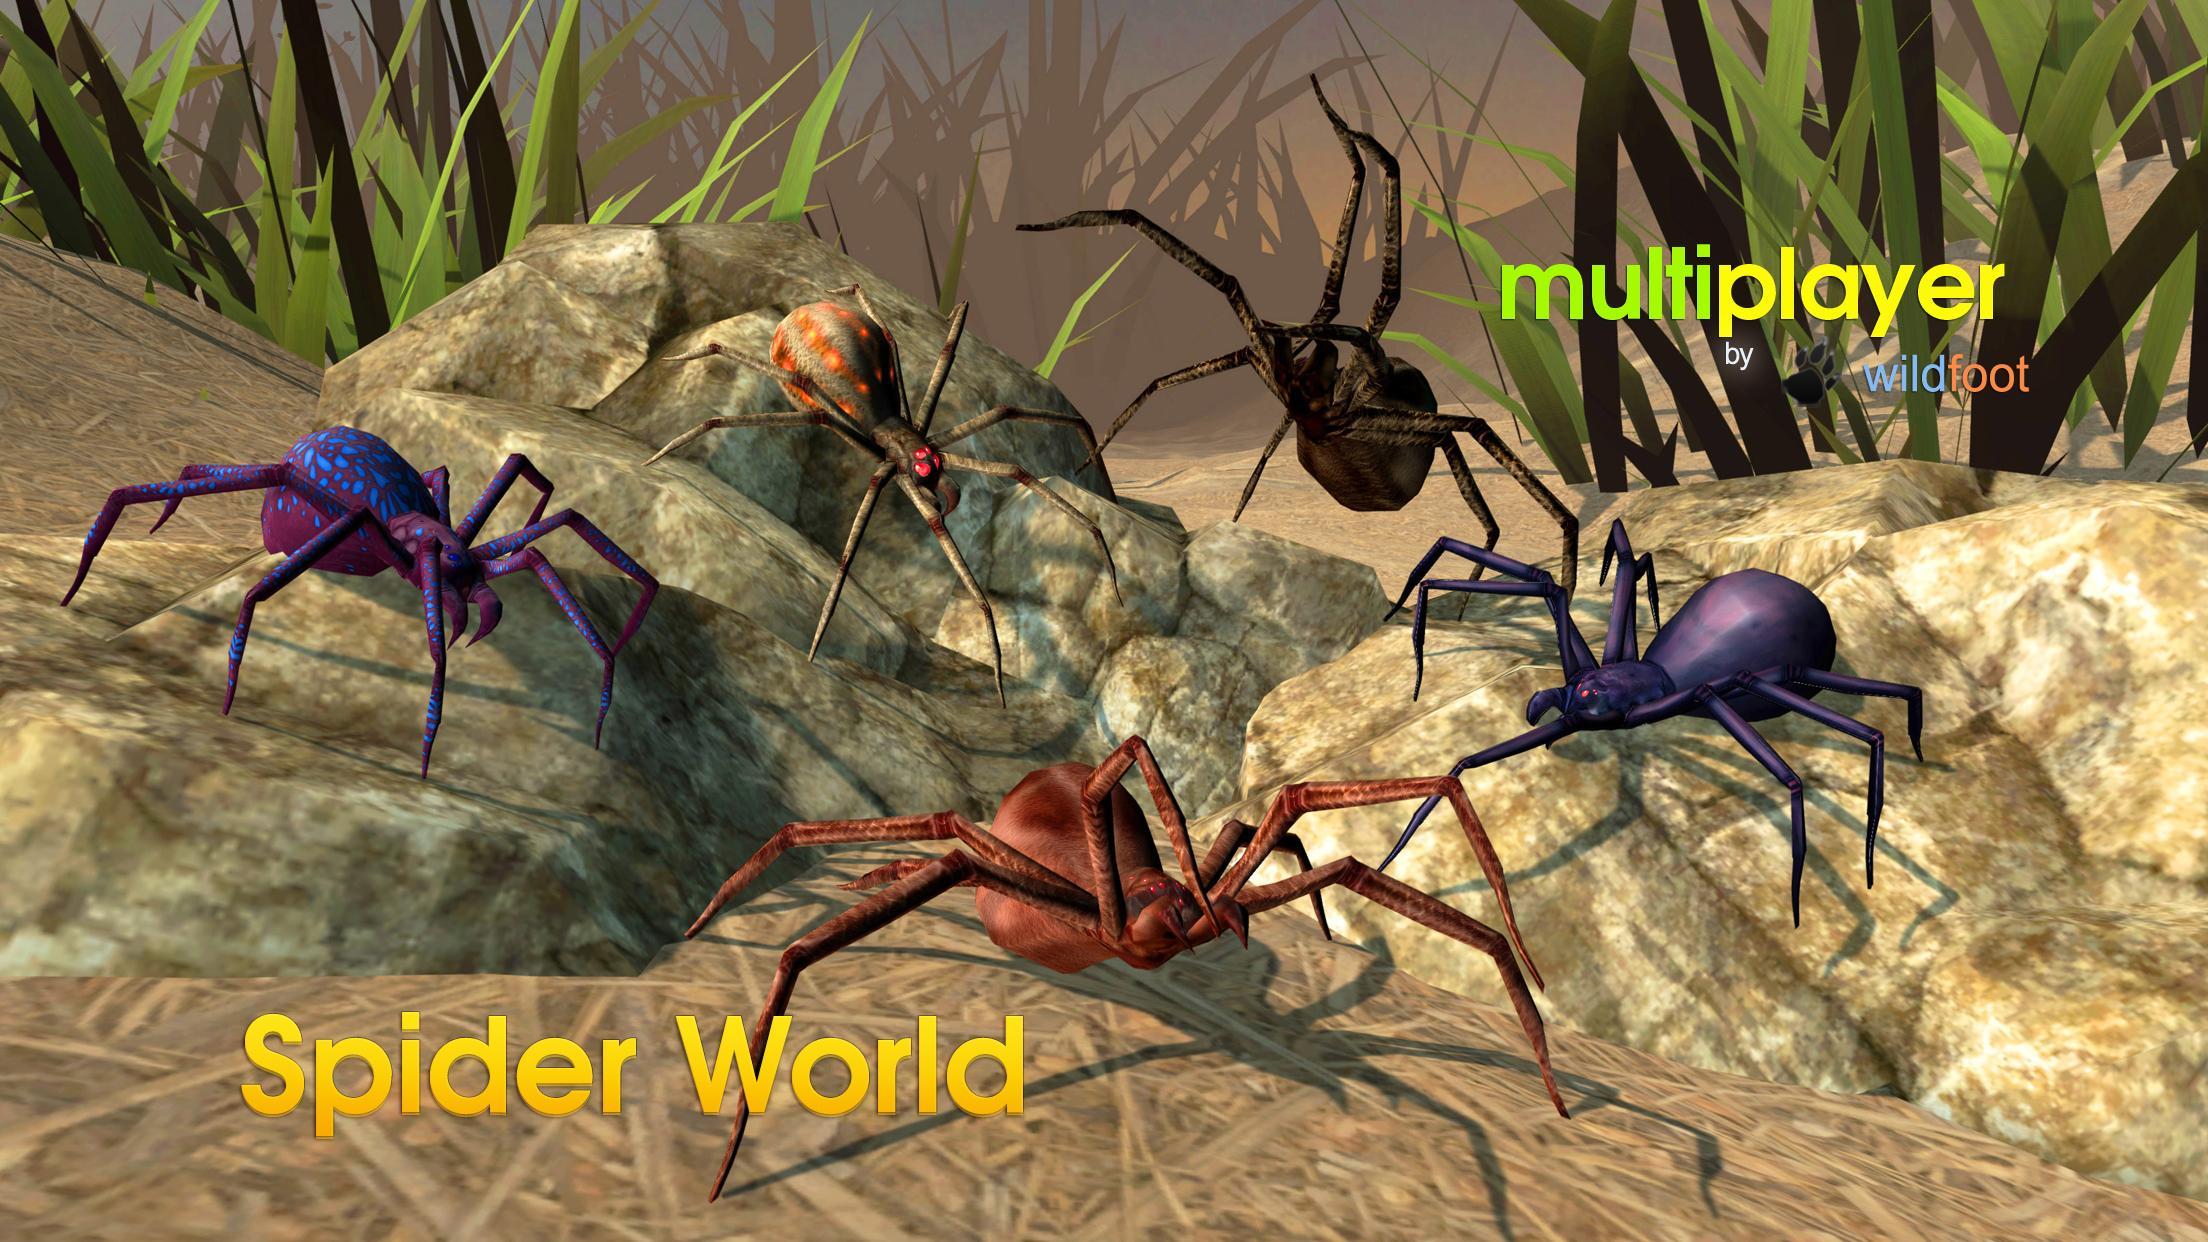 Spider World Multiplayer For Android Apk Download - giant spider roblox horror game
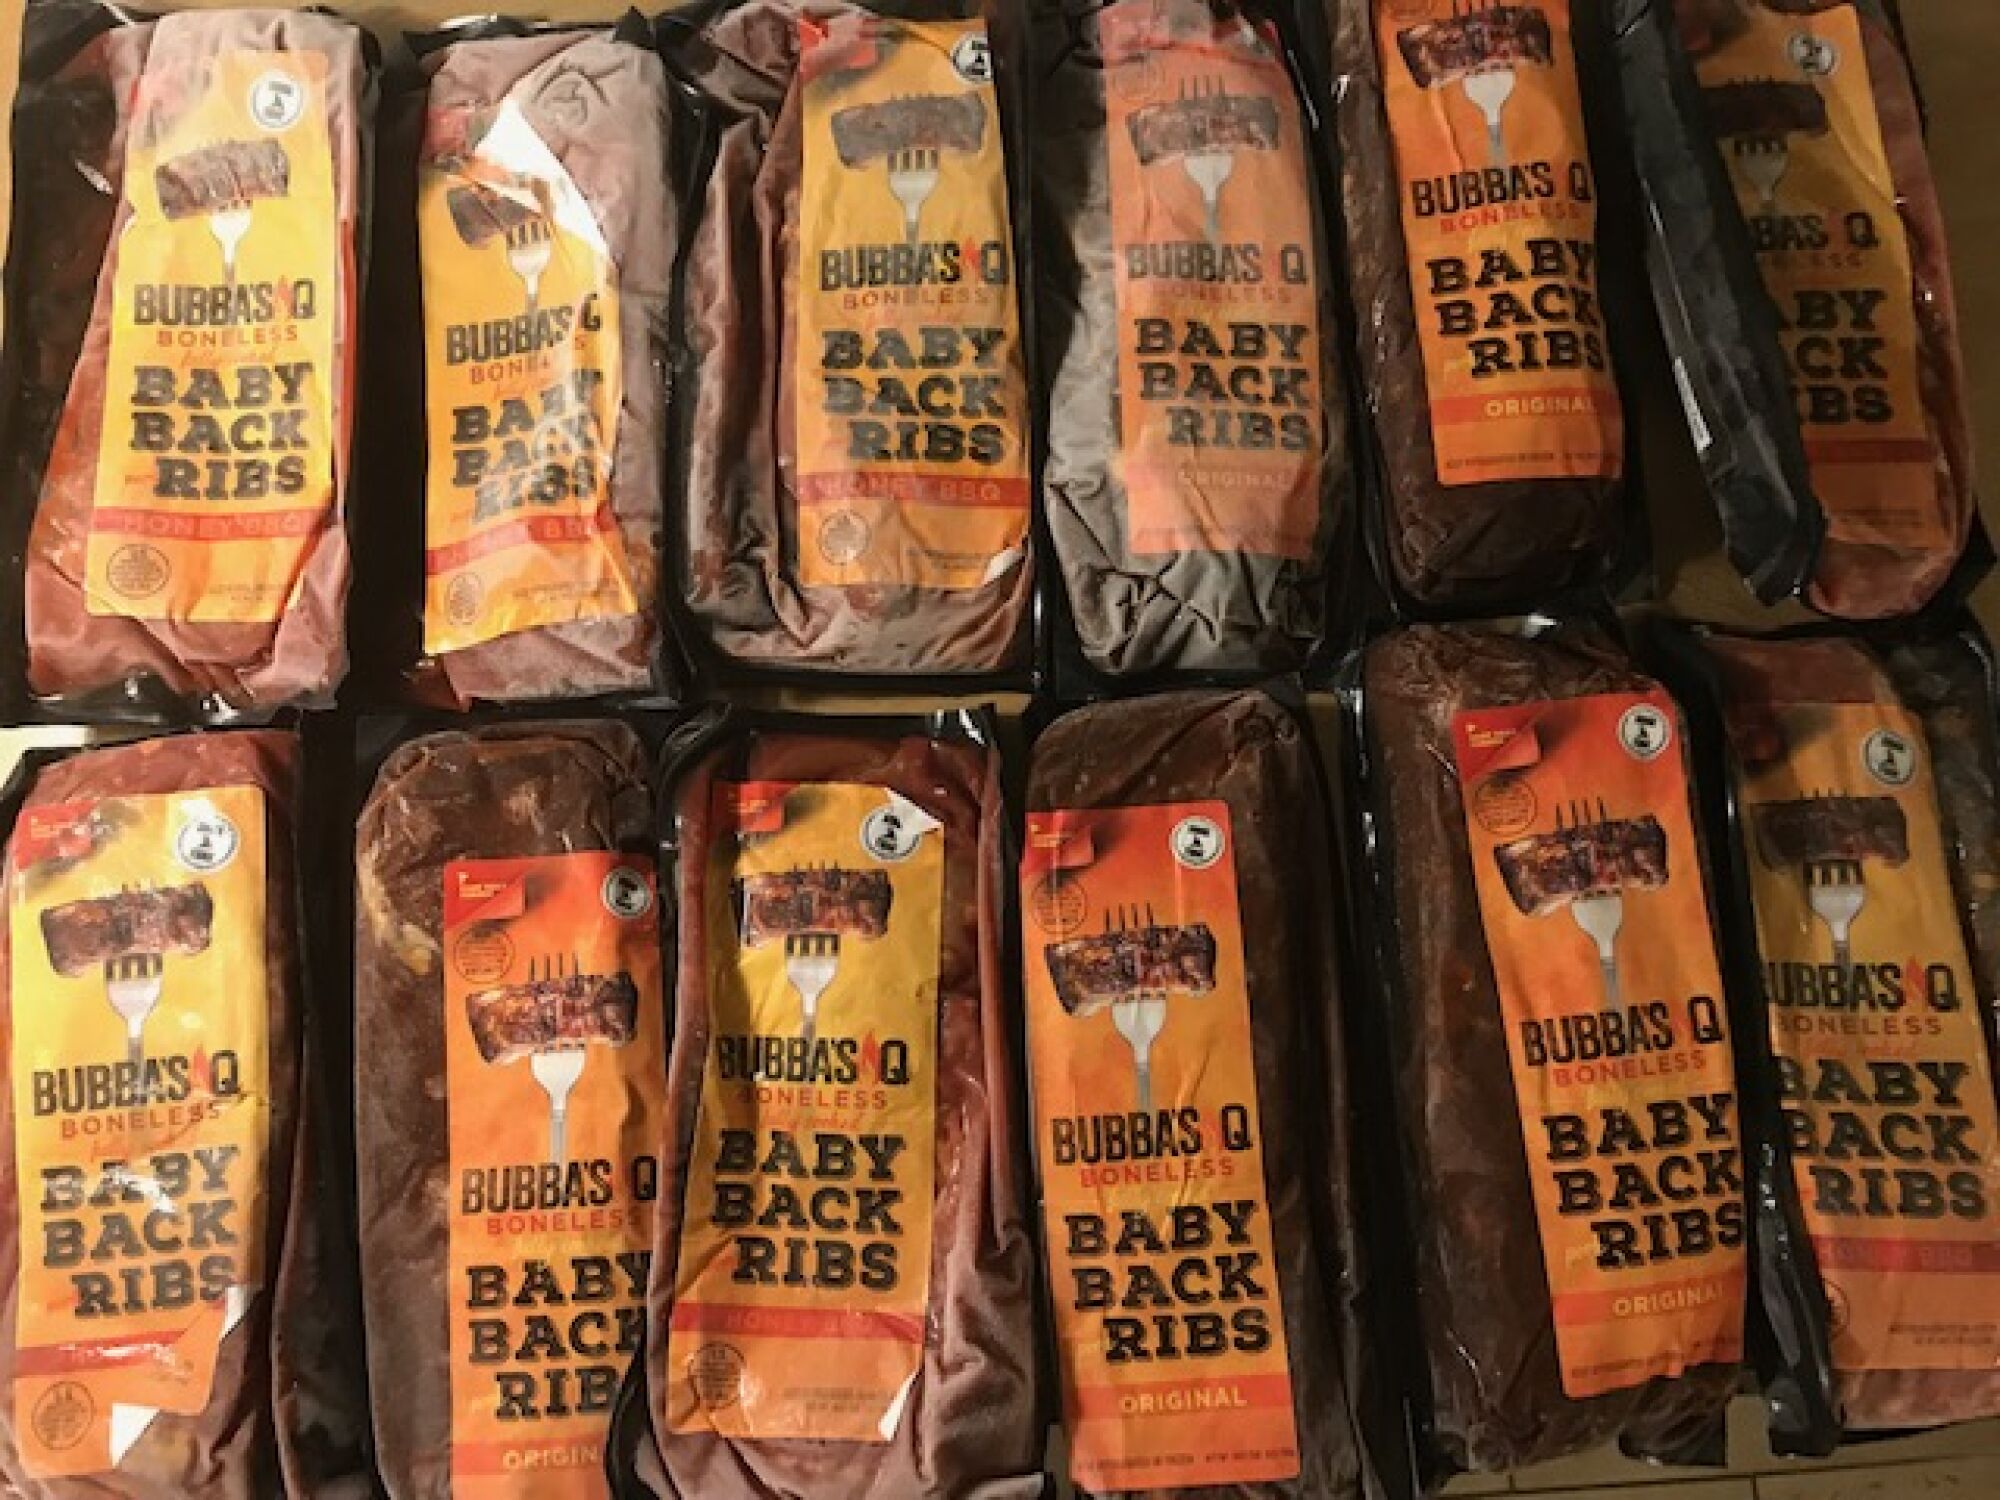 Baker's patented baby back ribs are packaged and on display
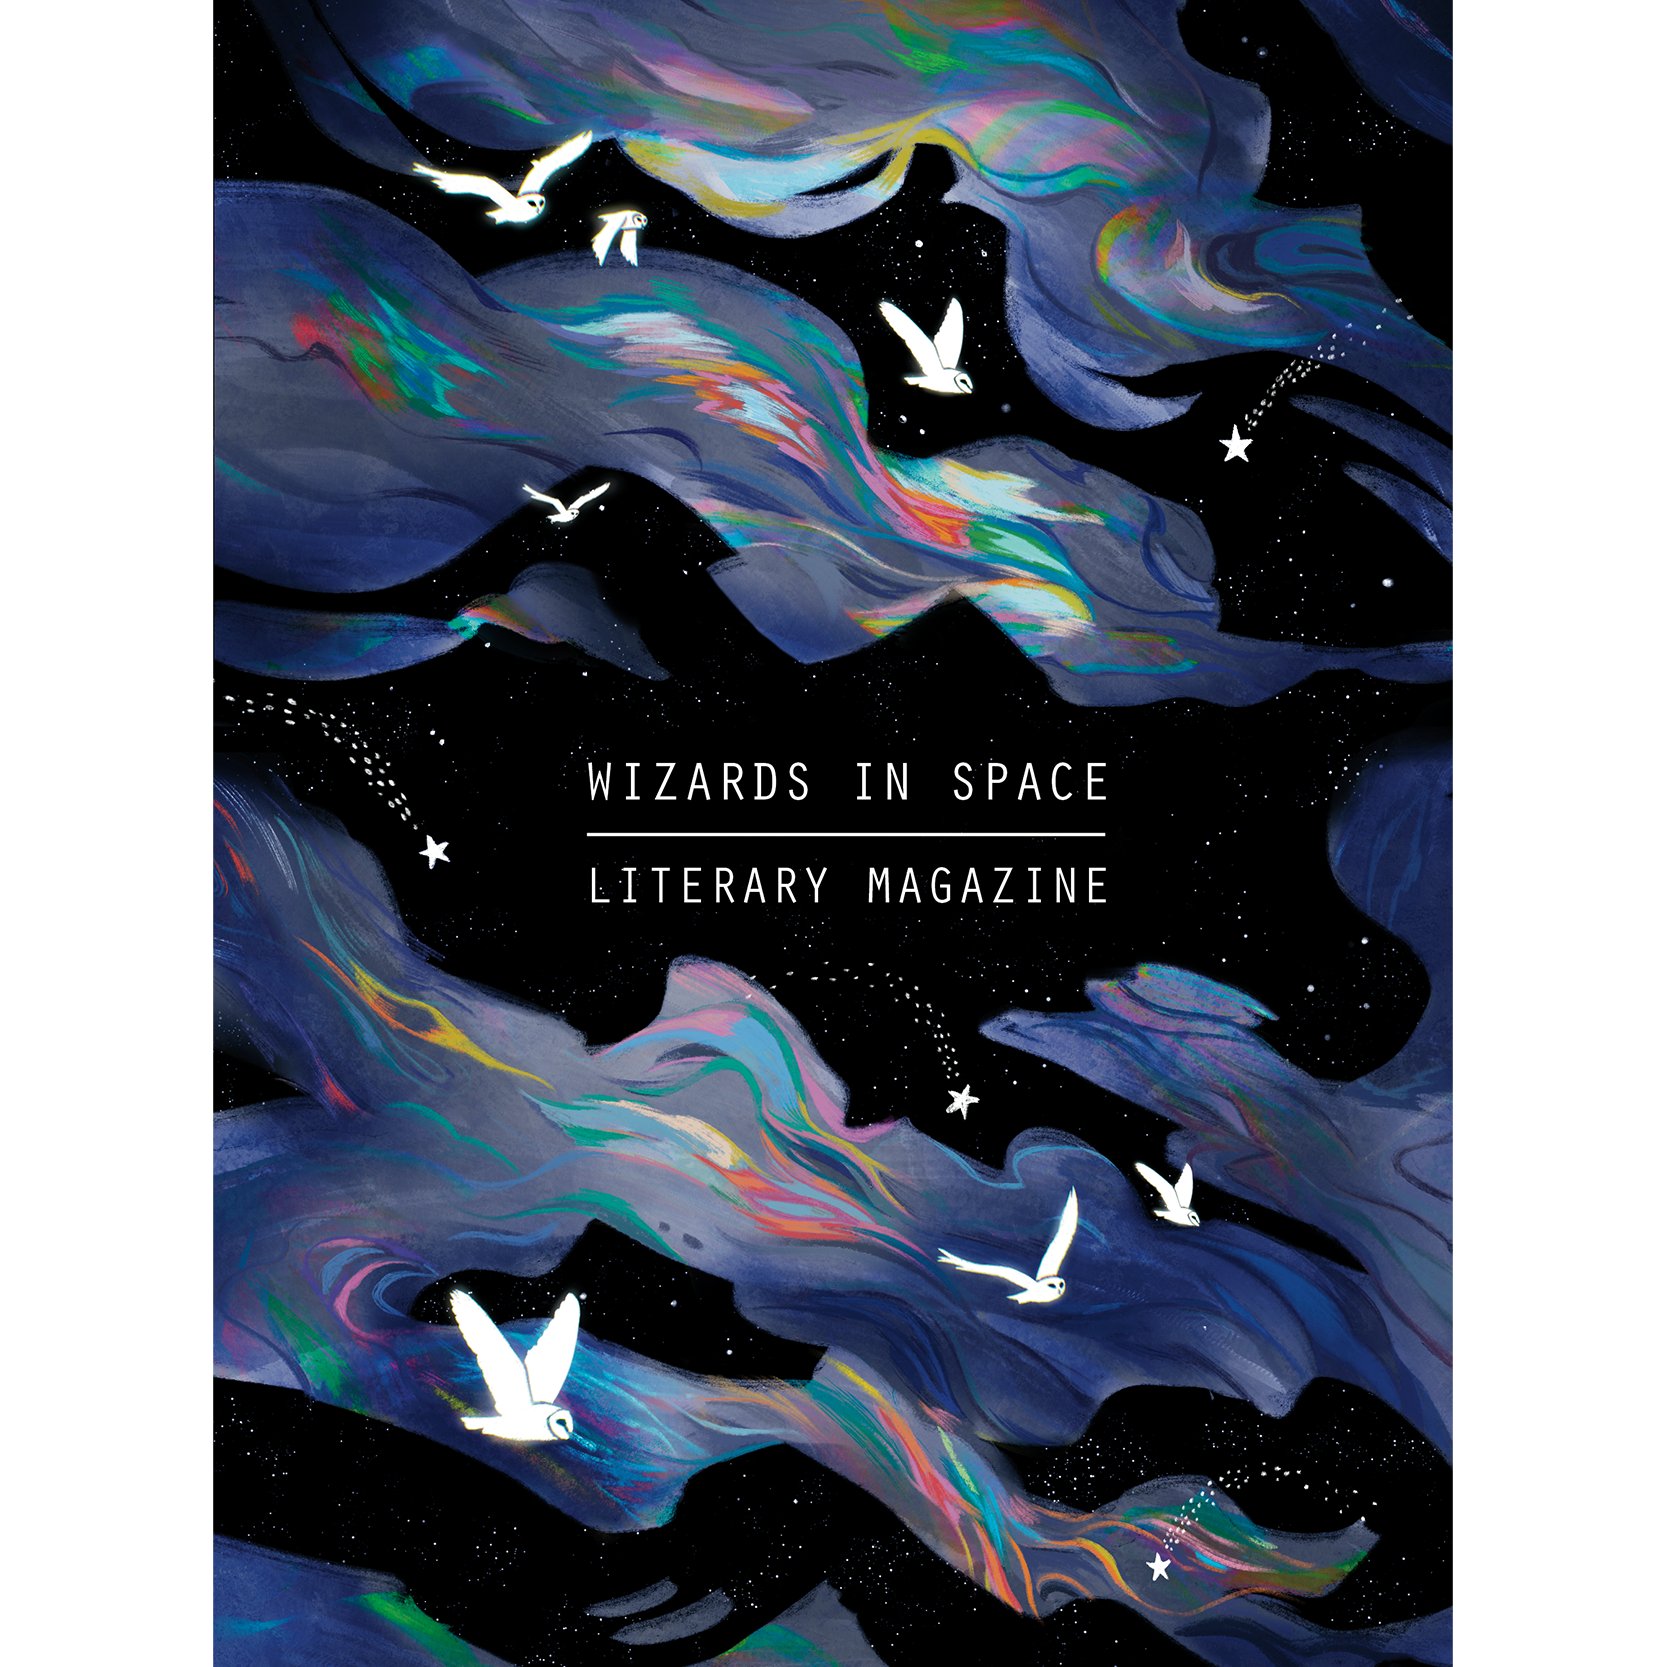 Wizards in Space issue 09 cover, featuring white birds flying through an aurora borealis

▸ EXERCISE OBJECTIVE: For this copy, leave pictures out and reproduce the lines from the one bearing "Baker's patented baby" through the final line of the listing above, both ends included.

▸ EXERCISE ANSWER:
 Baker's patented baby back ribs are packaged and on display
 Wizards in Space issue 09 cover, featuring white birds flying through an aurora borealis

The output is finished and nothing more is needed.